I used to work on a Dell, running Windows. I will never, ever go back to that.

------
rickette
I've been doing Java/OSS development on Mac for a couple of years. I agree
about the Mac being a great dev box, but I don't buy the "Your Dev Box Should
Be Virtual" story. Sounds like a real productivity killer.

------
sp332
This link is to a comment, should be <http://wekeroad.com/2011/09/14/fanboy-
mac-post>

------
clistctrl
I recently bought a mac book air with Lion after my 3rd problem with the
screen on my work provided Lenovo (T410s).

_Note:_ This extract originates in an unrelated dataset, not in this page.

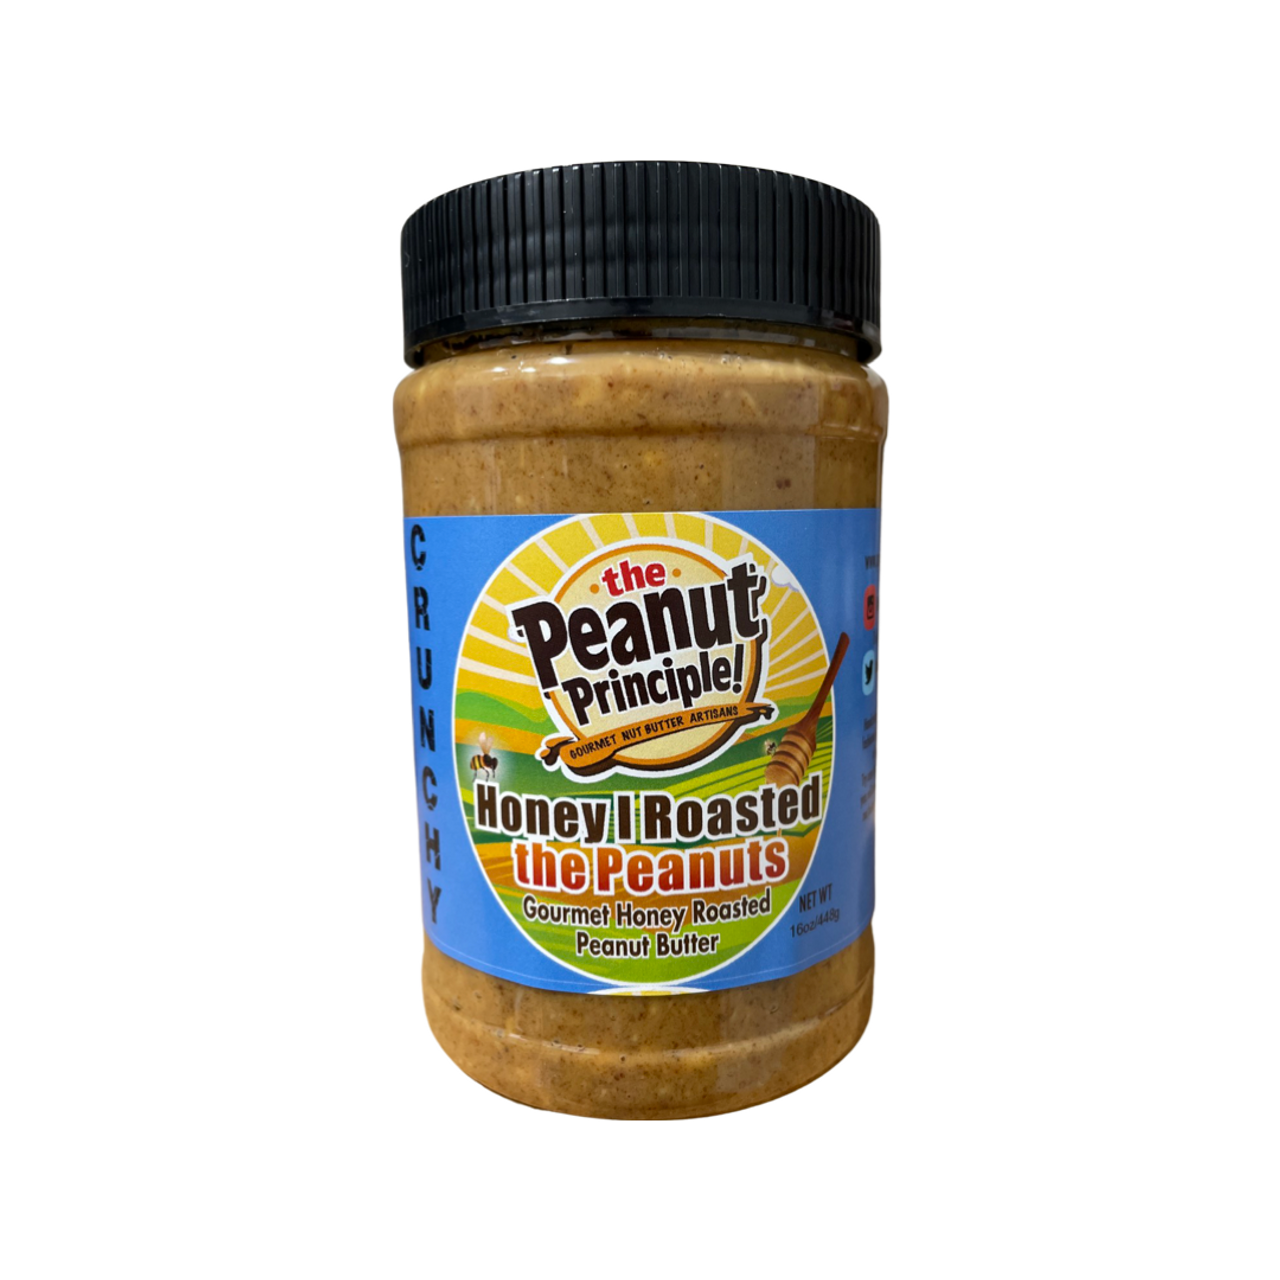 Crunchy Peanut Butter - GOOD GOOD®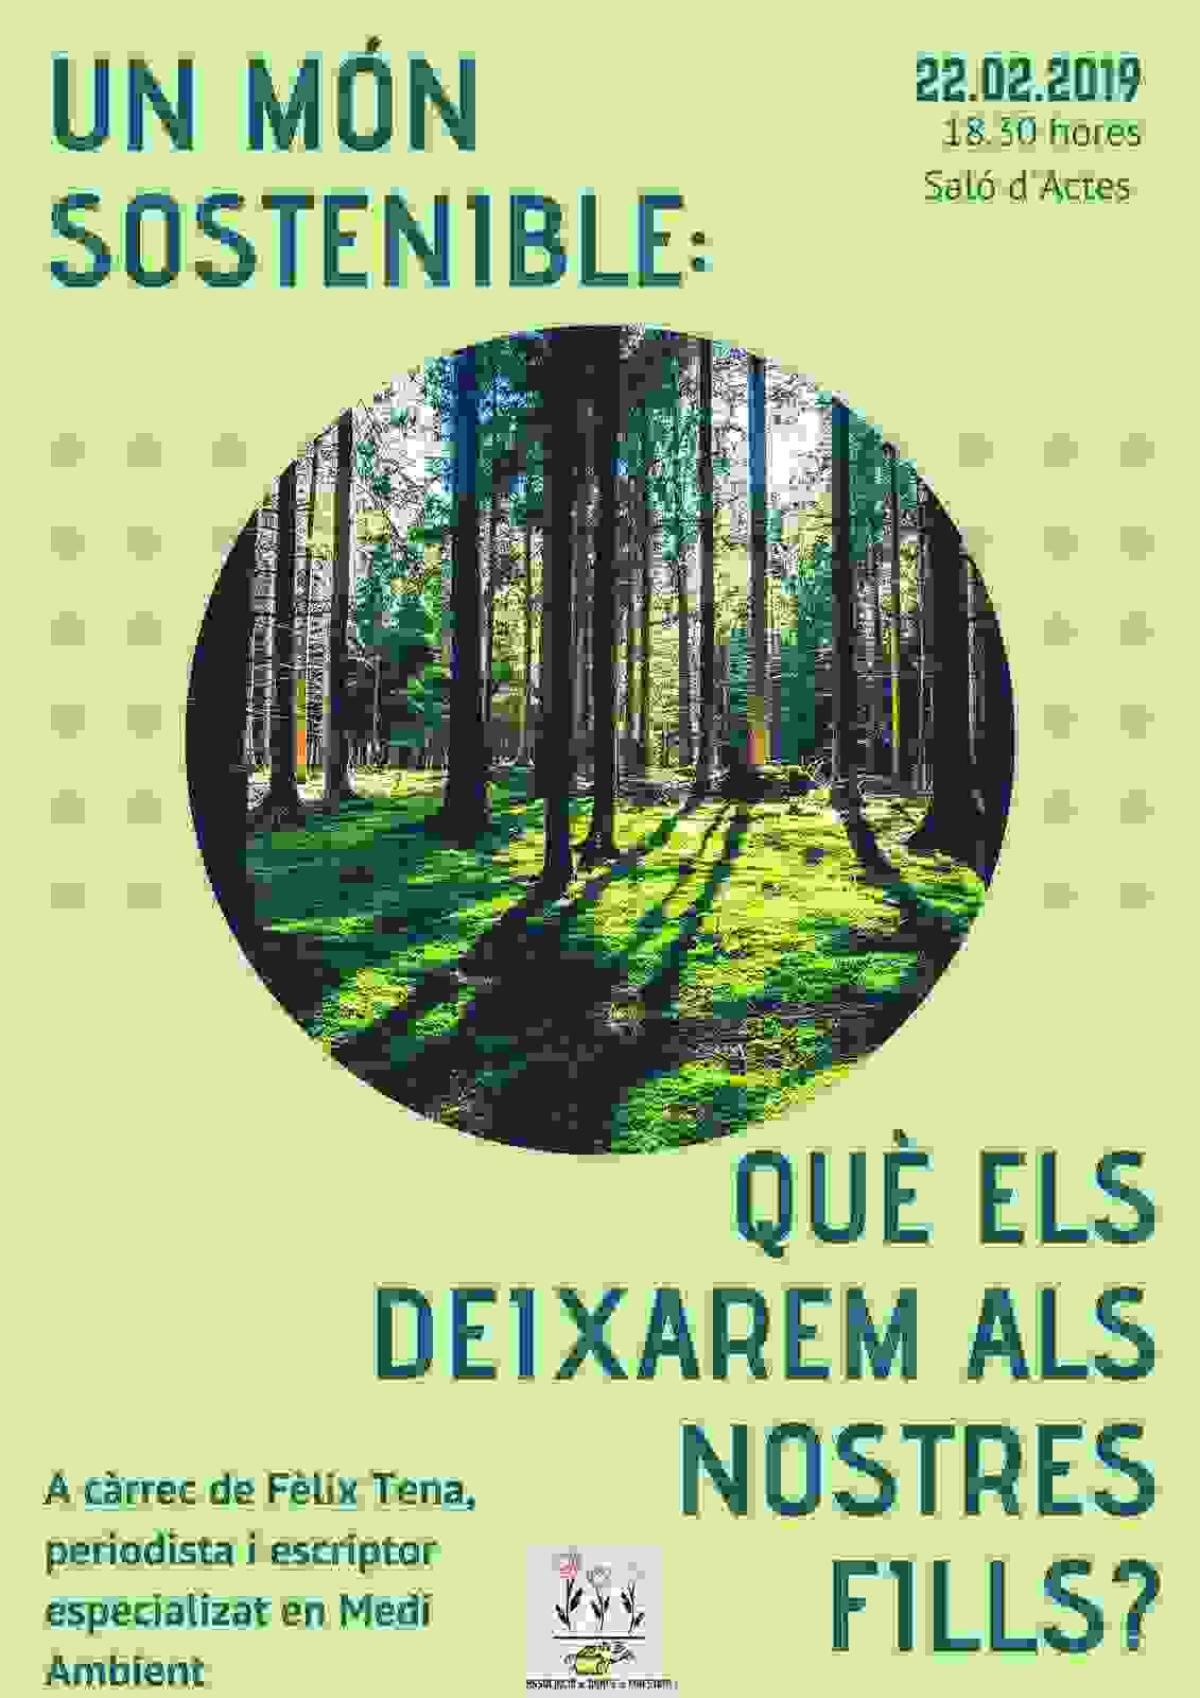  El periodista Félix Tena presenta este viernes en Finestrat su libro “Un món sostenible?”

I've been using VMWare Fusion to develop. For the most part, I've been really
loving it. The performance is pretty good, and it's nice to have osx for my
non .net stuff. However there are a few areas I ran into problems. First I
found I had to disable hardware acceleration in order to get WPF controls
work. This has impacted rendering performance more than i'd wish. Second, and
more painful, I've had issues with USB devices working (again a problem with
the VM). For the most part I can work around these issues, but the work
arounds have impacted me in undesired ways (for instance the application i'm
working on requires a dongle for security, i've been working around it by
leaving a hack in the code... but once I accidentally checked it in..).
Finally, and probably my most petty (but most frustrating issue) is there is
no home/end key (though i did find fn left and fn right work)